Como escreviver?

       

      Parece uma palavra nova (ou mesmo diferente), mas a prática é tão comum que chega a surpreender quando descobrimos que o que nós, pretos (tanto indivíduos quanto coletivo) fazemos, queremos fazer ou, por algum motivo, deixamos de fazer é escreviver. Eu prometo que não vou buscar citações de teóricos ou de pensadores sobre o significado dessa palavra. Não quero transformar esse texto em um trabalho acadêmico com uma linguagem de difícil acesso e compreensão para muitas pessoas que escrevivem por si, por seus pares e ancestrais. Infelizmente, não só as produções em cima das vivências pretas são inacessíveis a indivíduos e grupos que cooperaram com o seu desenvolvimento, como as produções que visam legitimar esses lugares de fala enquanto sujeitos protagonistas de suas contações de histórias. Todavia, só uma menção é indispensável, a escritora Conceição Evaristo, que nos apresentou a palavra escrevivência. Ela publicou obras como Ponciá Vivêncio (2003), Becos da Memória (2006), Insubmissas Lágrimas de Mulheres (2011), Olhos D'água (2014) e muitas outras de grande prestígio nacional e internacional. Agora, o que seria escreviver? Bom, essa não é a pergunta chave do texto. A pergunta que nos interessa é: como escreviver?

      A resposta pode estar em algumas folhas rabiscadas do seu caderno de escola, em algumas postagens de desabafo em suas redes sociais, em mensagens trocadas com amigos, familiares e paixões frustradas, idealizadas e vivenciadas. A escrita sobre a sua experiência de vida enquanto preto, carregada de uma realidade única (indivíduo) no seu tempo, no seu local, nas suas culturas e nas suas lutas, e de uma realidade grupal (coletivo) que resiste há séculos contra o racismo, o genocídio e o apagamento de suas memórias, de suas histórias e de seus ancestrais, pode estar em um diário pessoal que você não deixa ninguém ler, em uma carta amassada e sem envelope, em um e-mail não respondido ou até na traseira de um boleto vencido. Onde o preto crava a sua letra, a sua história foi registrada. É possível dizer que todos os dias, pretos e pretas escrevivem por todos os cantos do país e do mundo. As escrevivências são versos curtos, romances longos, poesias de uma lauda, dramaturgias com várias cenas, roteiros, crônicas, contos, rimas, músicas, artigos e muitos outros escritos que se encontram por aí (organizados ou dispersos) nas gavetas, na internet e nos impressos publicados. No entanto, mesmo por saber onde posso encontrá-los, por que se ouve falar tão pouco dessas produções? Por que elas parecem tão invisíveis?

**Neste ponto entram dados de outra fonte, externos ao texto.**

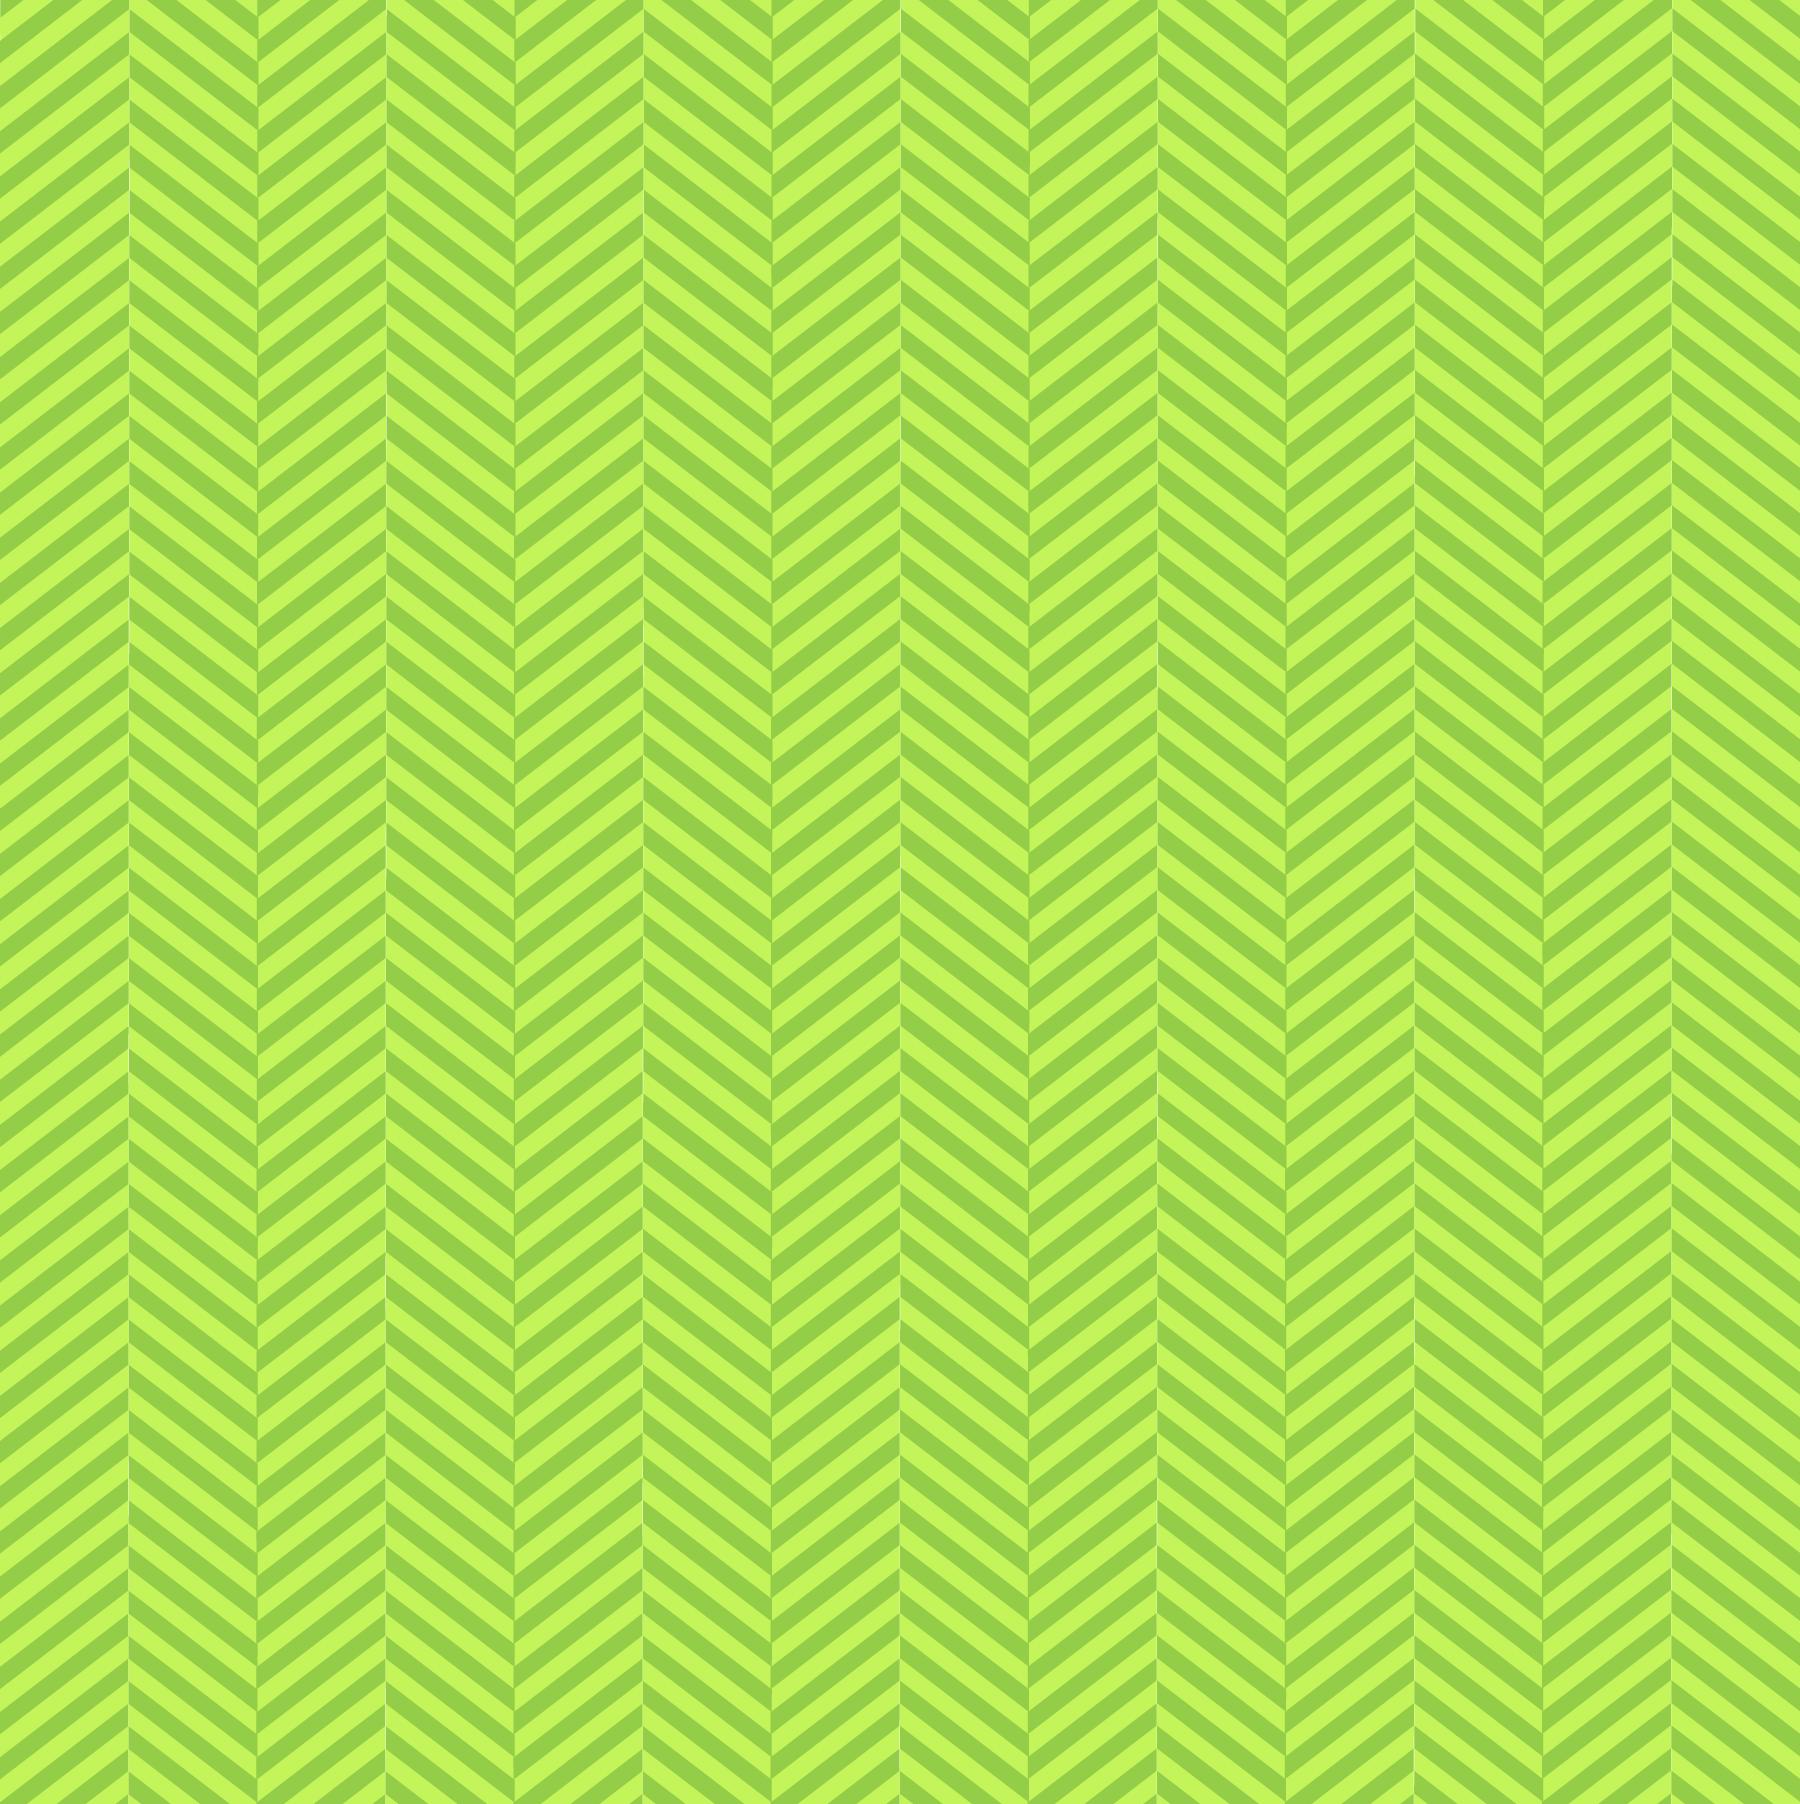 herringbone green-01.jpg

      Escreviver é mais do que contar a sua história, a sua experiência de vida, é também reafirmar o seu espaço, o seu local de fala e a sua legitimidade de falar por si, por seus pares, por suas memórias e por suas culturas. É desconstruir narrativas brancas, racistas e (neo)colonizadoras sobre as vidas pretas e as suas histórias por narrativas pretas, de seus próprios povos, de suas formas de enxergar o mundo e de (sobre)viver nele. Então, a luta não está apenas em ter o direito de escrever suas próprias palavras, mas em publicá-las e divulgá-las até ocuparem os espaços de discussão sobre os sujeitos pretos e as suas histórias. É ter as histórias pretas contadas por suas vozes e não por olhares brancos, como se fossem os únicos capazes de "reproduzi-las" para o universo literário e acadêmico. É ver os povos pretos sendo citados e referenciados através de seus próprios representantes. Ocupar uma prateleira de leitura é uma vitória que toda escrita preta suou para conquistar, pois muitas vezes o que sobra é o apagamento da borracha e as sujeiras do esquecimento. Como forma de contribuir para essas lutas, nós devemos ler, refletir, discutir e partilhar essas escrevivências. Para quem escrevive: por favor, não pare. Continue escrevivendo. Escreviva de todas as formas que você puder.